_WORK ITEM_. The output should match, line for line, the records from the line containing "Class-8 Geography Agricultural-Main" through the line containing "ESPAGNE. Banque D'Images", with every picture left out.

_SUPPLIED ENTRIES_.

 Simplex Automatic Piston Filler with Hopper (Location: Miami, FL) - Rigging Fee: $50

...

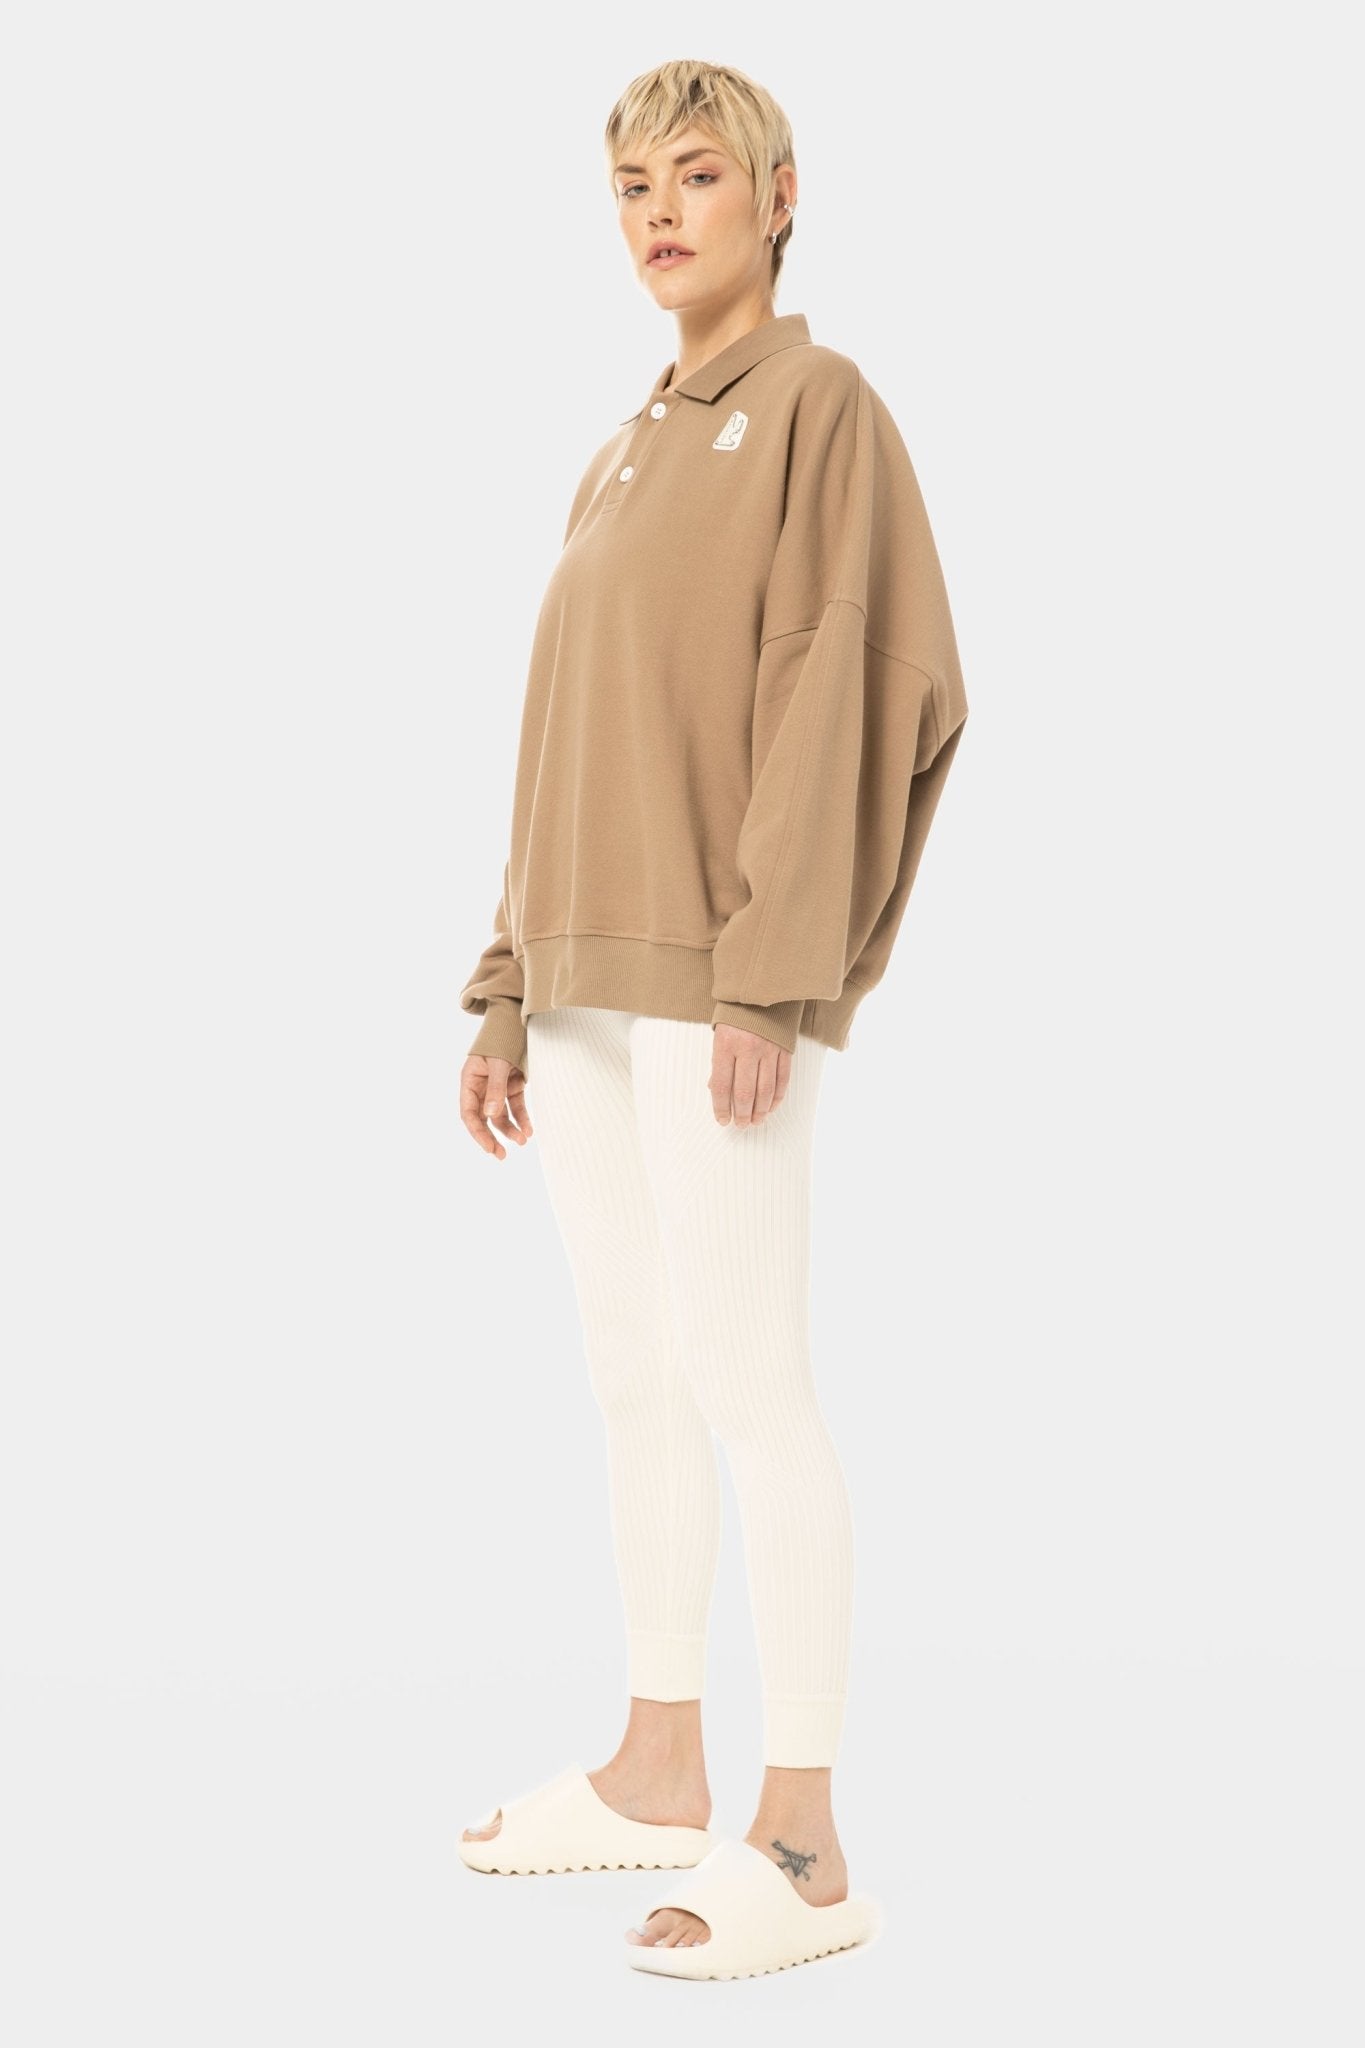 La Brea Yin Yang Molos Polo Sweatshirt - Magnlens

* * *

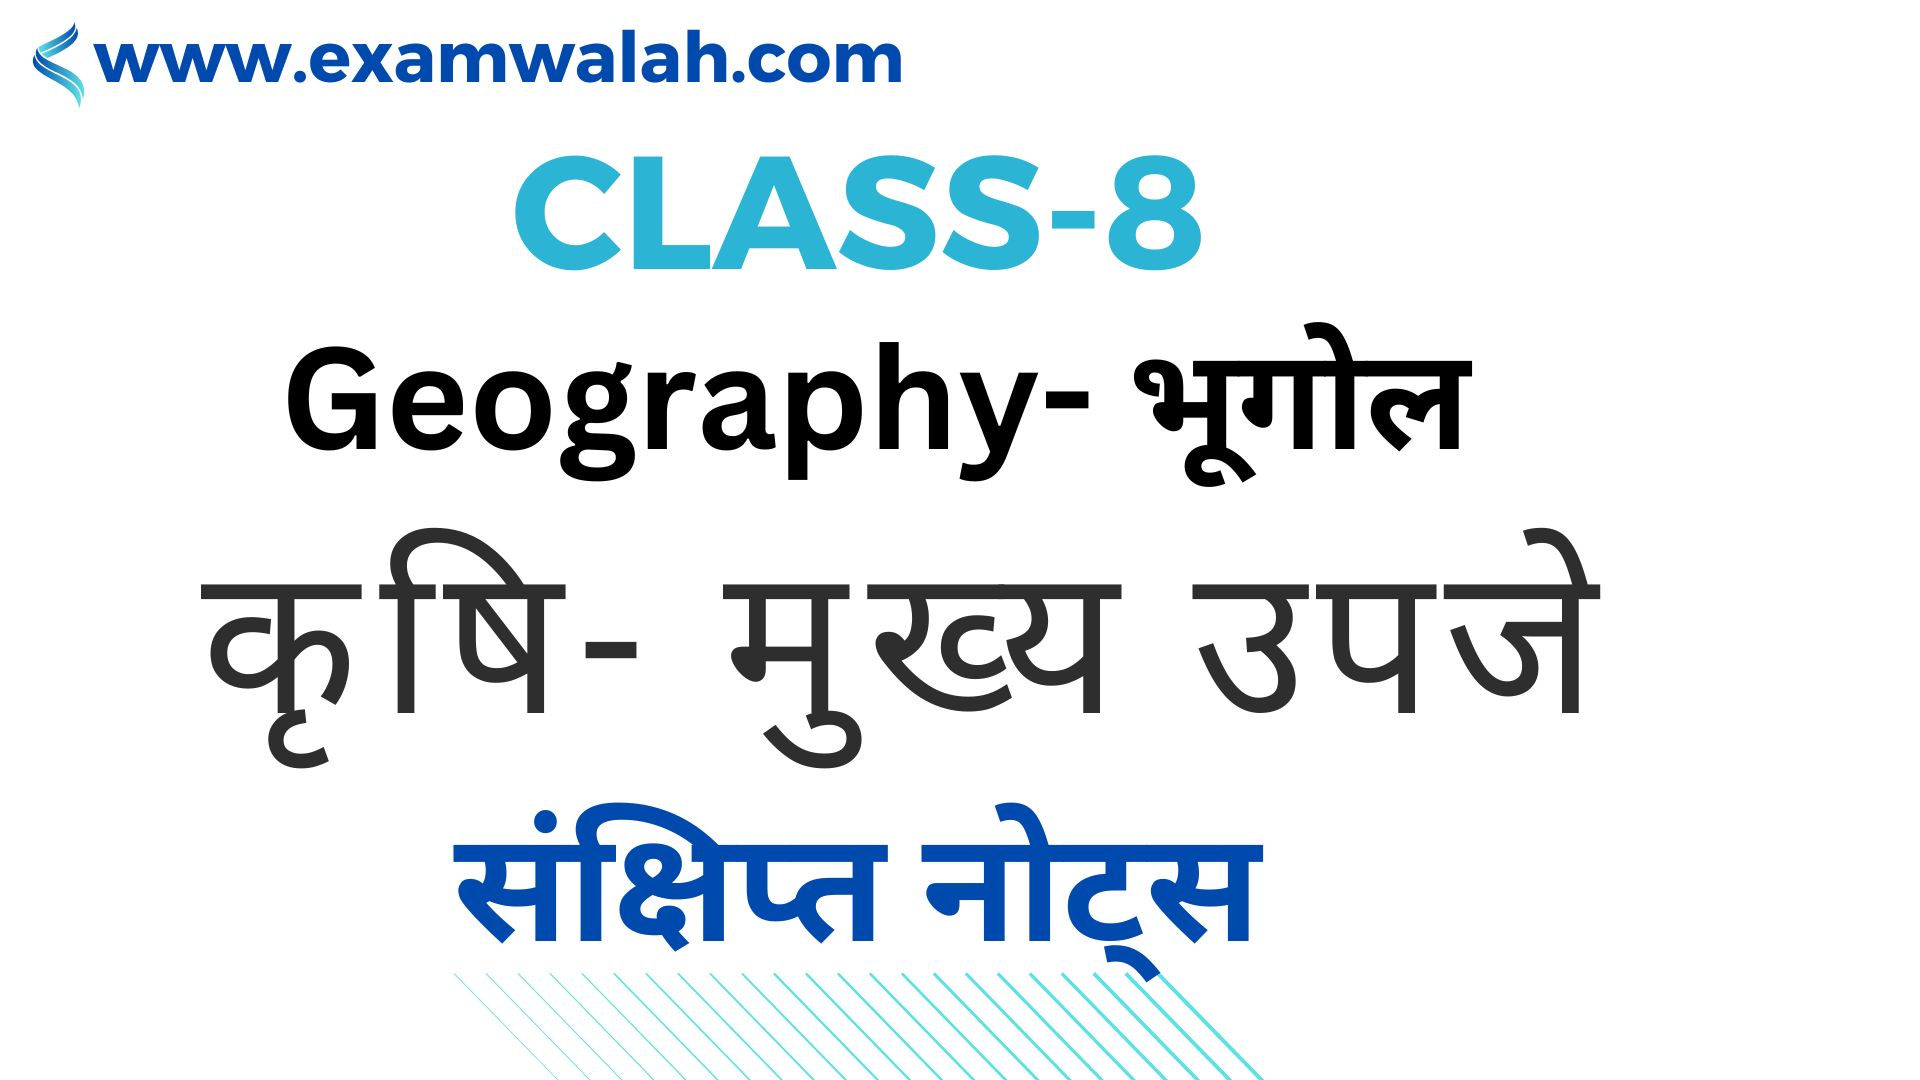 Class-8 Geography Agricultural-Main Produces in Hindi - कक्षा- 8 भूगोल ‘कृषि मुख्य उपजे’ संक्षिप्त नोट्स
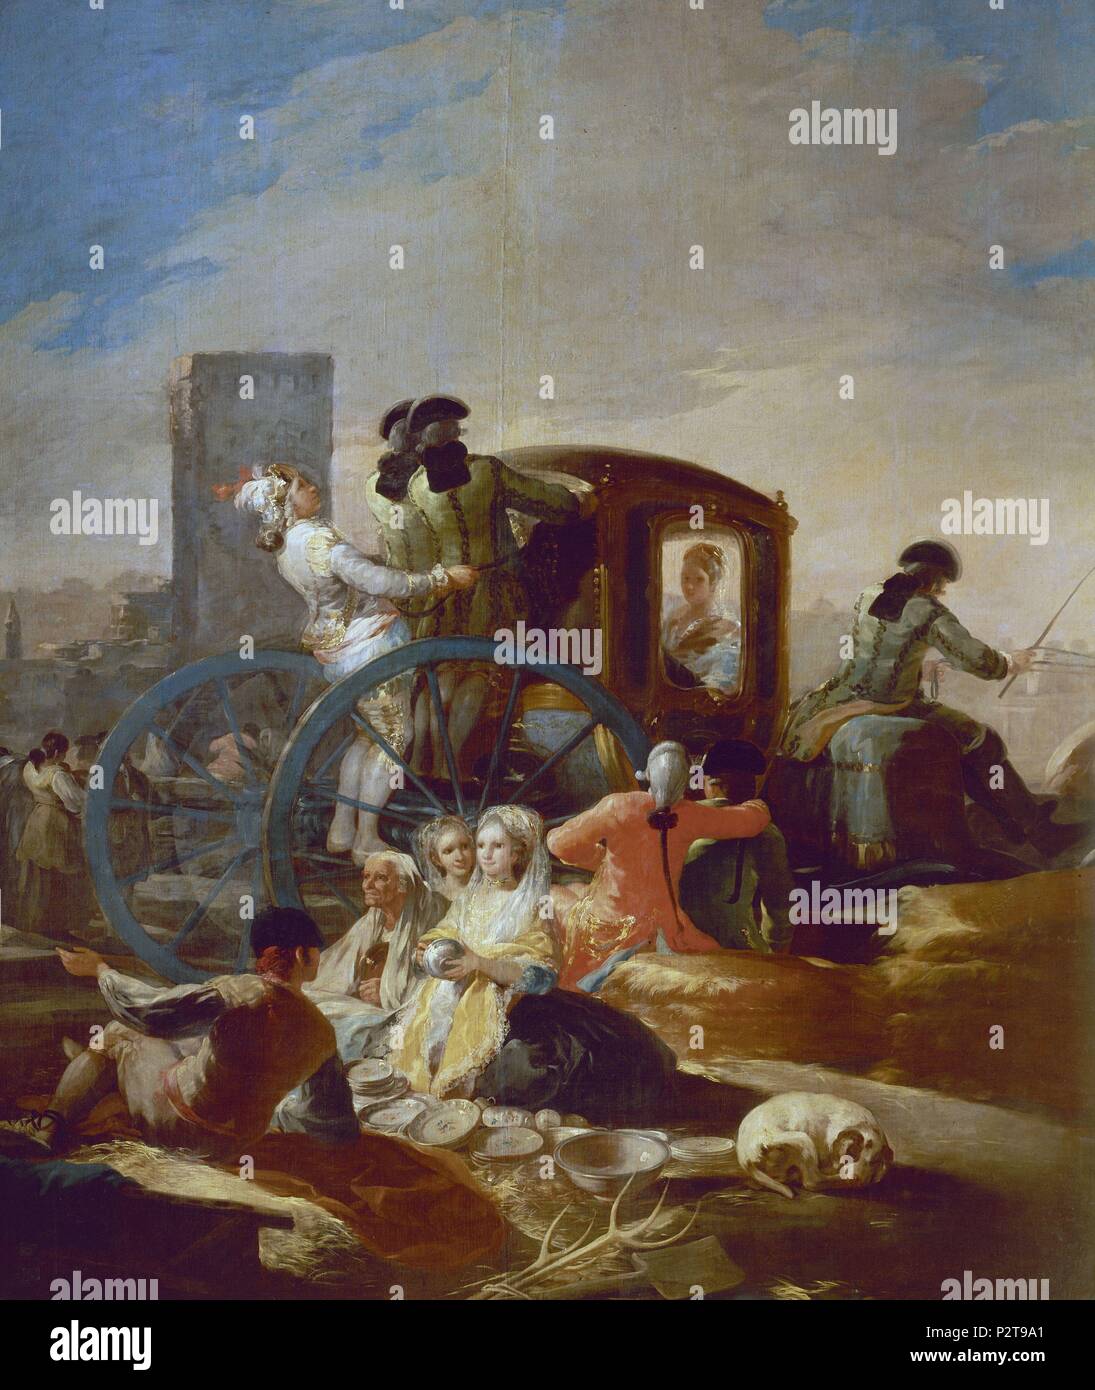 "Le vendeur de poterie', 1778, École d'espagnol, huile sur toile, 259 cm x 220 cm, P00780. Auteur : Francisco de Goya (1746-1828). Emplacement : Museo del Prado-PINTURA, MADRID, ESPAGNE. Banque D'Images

_SOLVED EXERCISE_.
 Class-8 Geography Agricultural-Main Produces in Hindi - कक्षा- 8 भूगोल ‘कृषि मुख्य उपजे’ संक्षिप्त नोट्स
 "Le vendeur de poterie', 1778, École d'espagnol, huile sur toile, 259 cm x 220 cm, P00780. Auteur : Francisco de Goya (1746-1828). Emplacement : Museo del Prado-PINTURA, MADRID, ESPAGNE. Banque D'Images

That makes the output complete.